1- Wife: yesterday-night I saw a dream
That u were sending me
Jewelry and clothes!
Husband: yeah, I saw
your dad paying the bill !!!
2- Message of the year:-
Women live a better, longer & peaceful life..!!
Why? Very simple…
A woman does not have a wife..!!!
3- Husband to a newly wed wife!
I could go to the end of the world for you
Wife:Thanks,but promise me
you will stay there for the rest of your life.
4- Judge:why did u shoot ur wife
instead of shootingher lover?
Sardar:Your honour,
it’s easier to shoot a woman once,
than shooting one man every week.
5- Doctor: Madam, your husband needs rest
and pease so here are some sleeping pills.
Wife: Doc, when should I give them to him?
Doctor:They are for you.!!
6- Husband:u will never succeed
in making that dog obey u!
Wife:Nonsense it’s only a matter of patience,
I had a lot of trouble with u at first.
7- Husband & wife are like liver and kidney.

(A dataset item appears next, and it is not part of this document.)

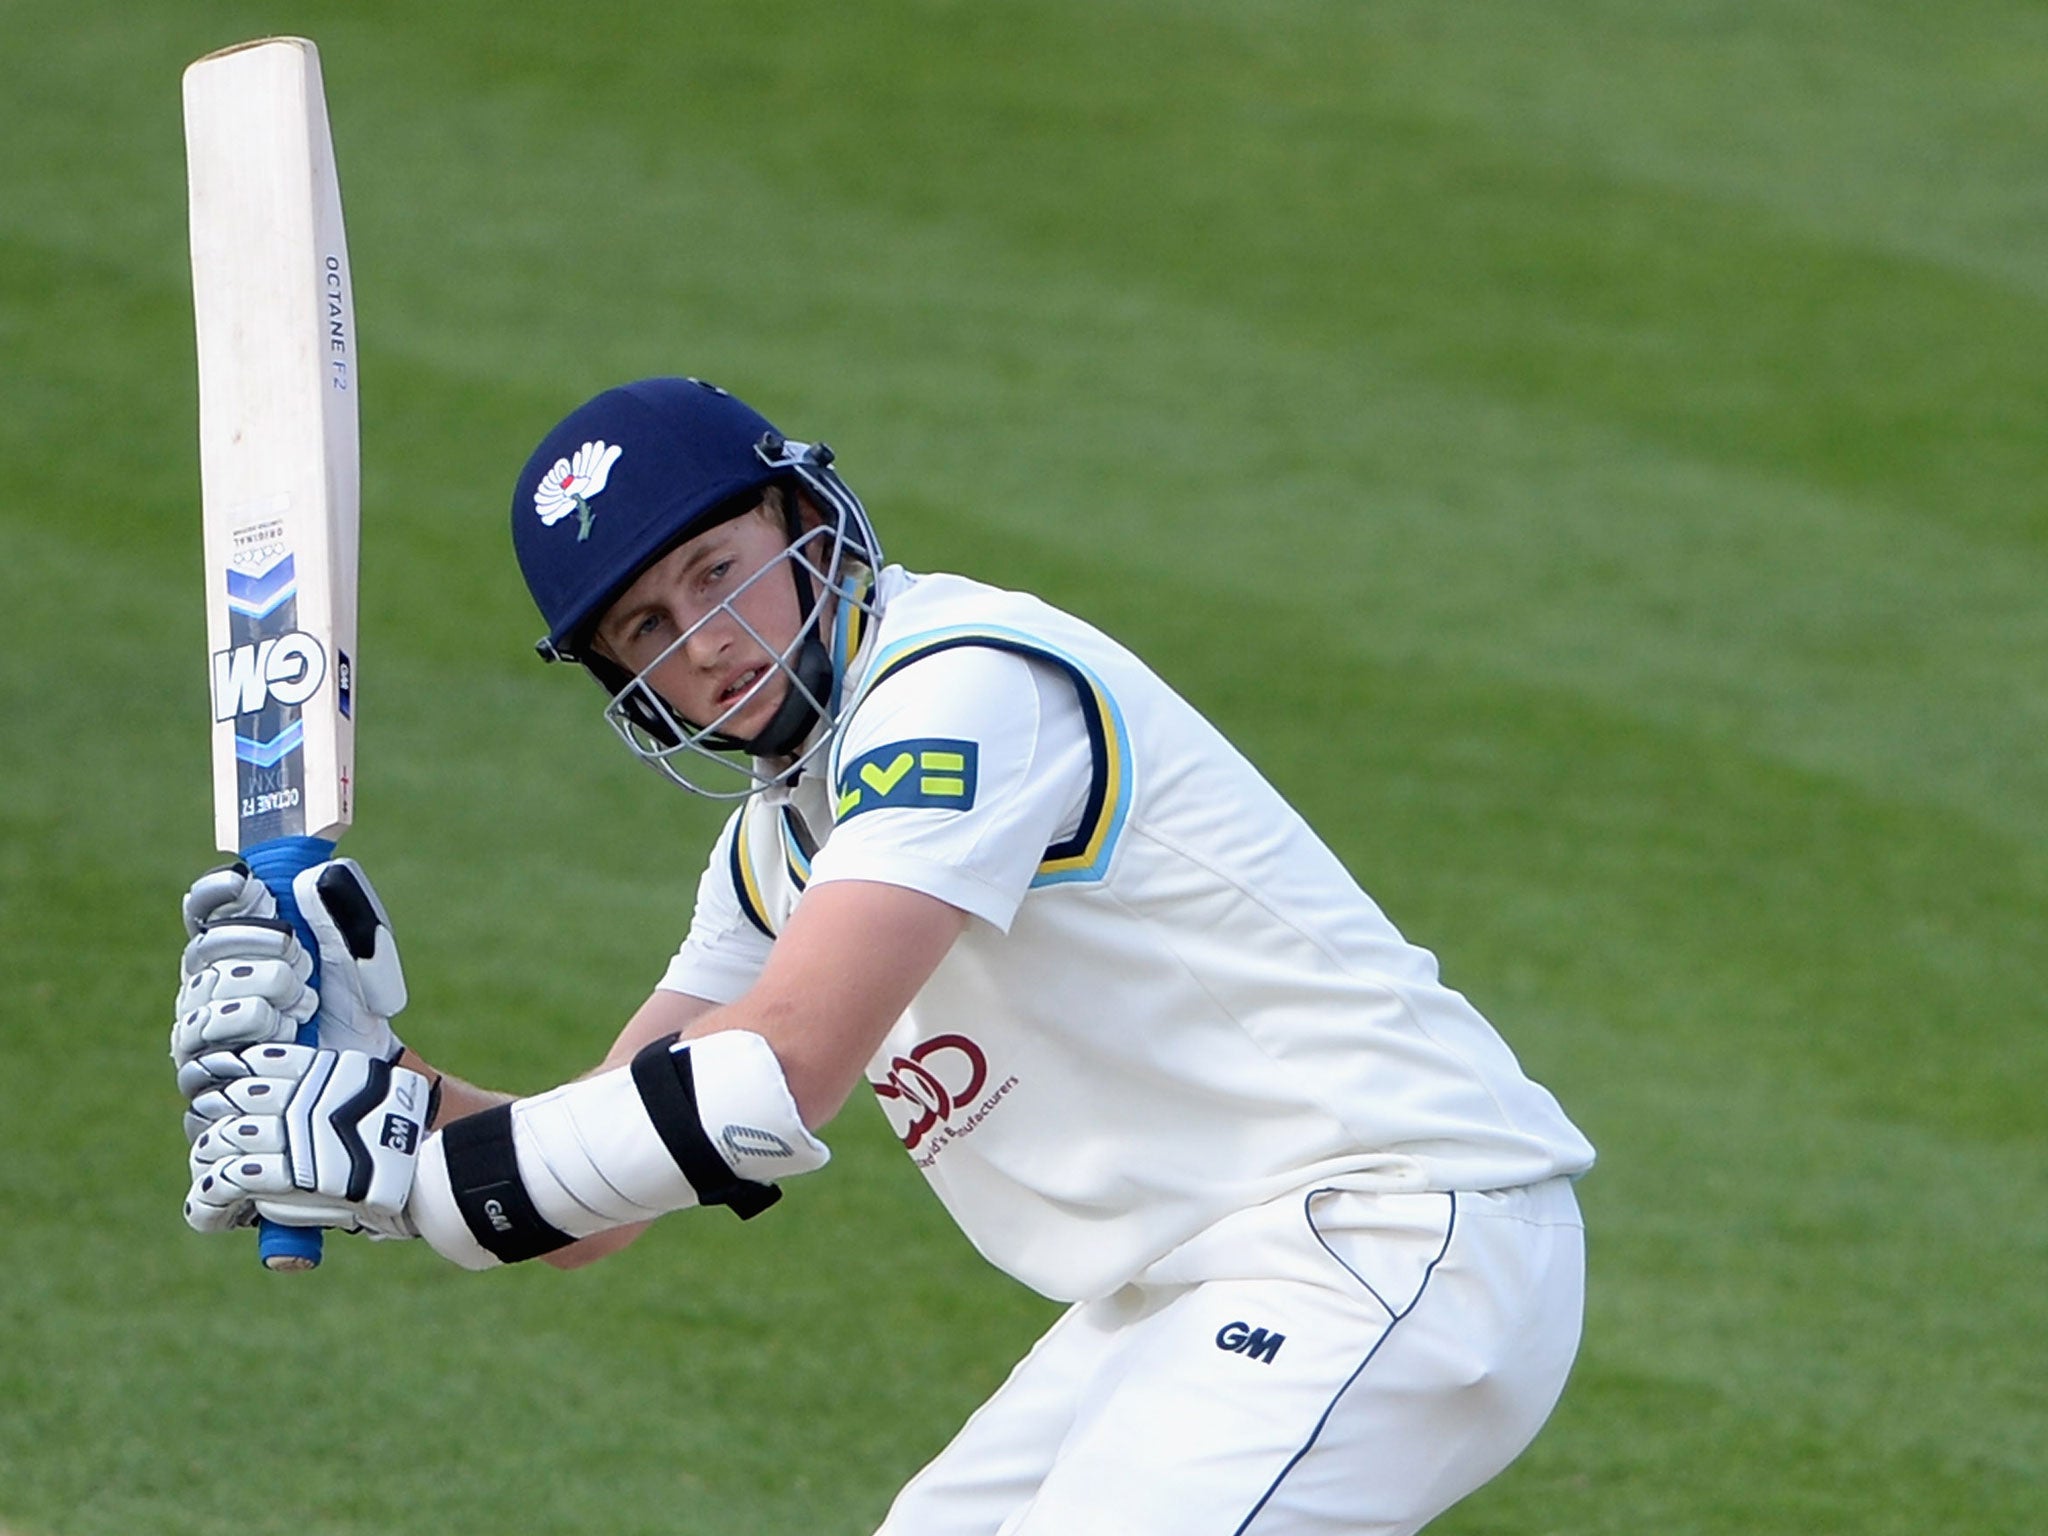 Joe Root showed his class with 182 to help Yorkshire to victory

Husband is liver & wife is kidney.
If liver fails, kidney fails.
If kidney fails, liver manages with other kidney.
8- Biwi: Tumare dimag me sirf gobar bhara hai.
Pati: To fir itni der se Q kha rahi ho?
9- Wife: Kya kar rahe ho?
Husband: Makkhiya maar rha hu.
Wife: Kitni mari?
Husband: 3 male aur 2 female.
Wife: Kaise malum?
Husband: Kyonki 3 daru ki botal se chipki thi or 2 phone se...
10- Wife: What is so interesting in me?
Husband: I dont know the meaning of interesting!!!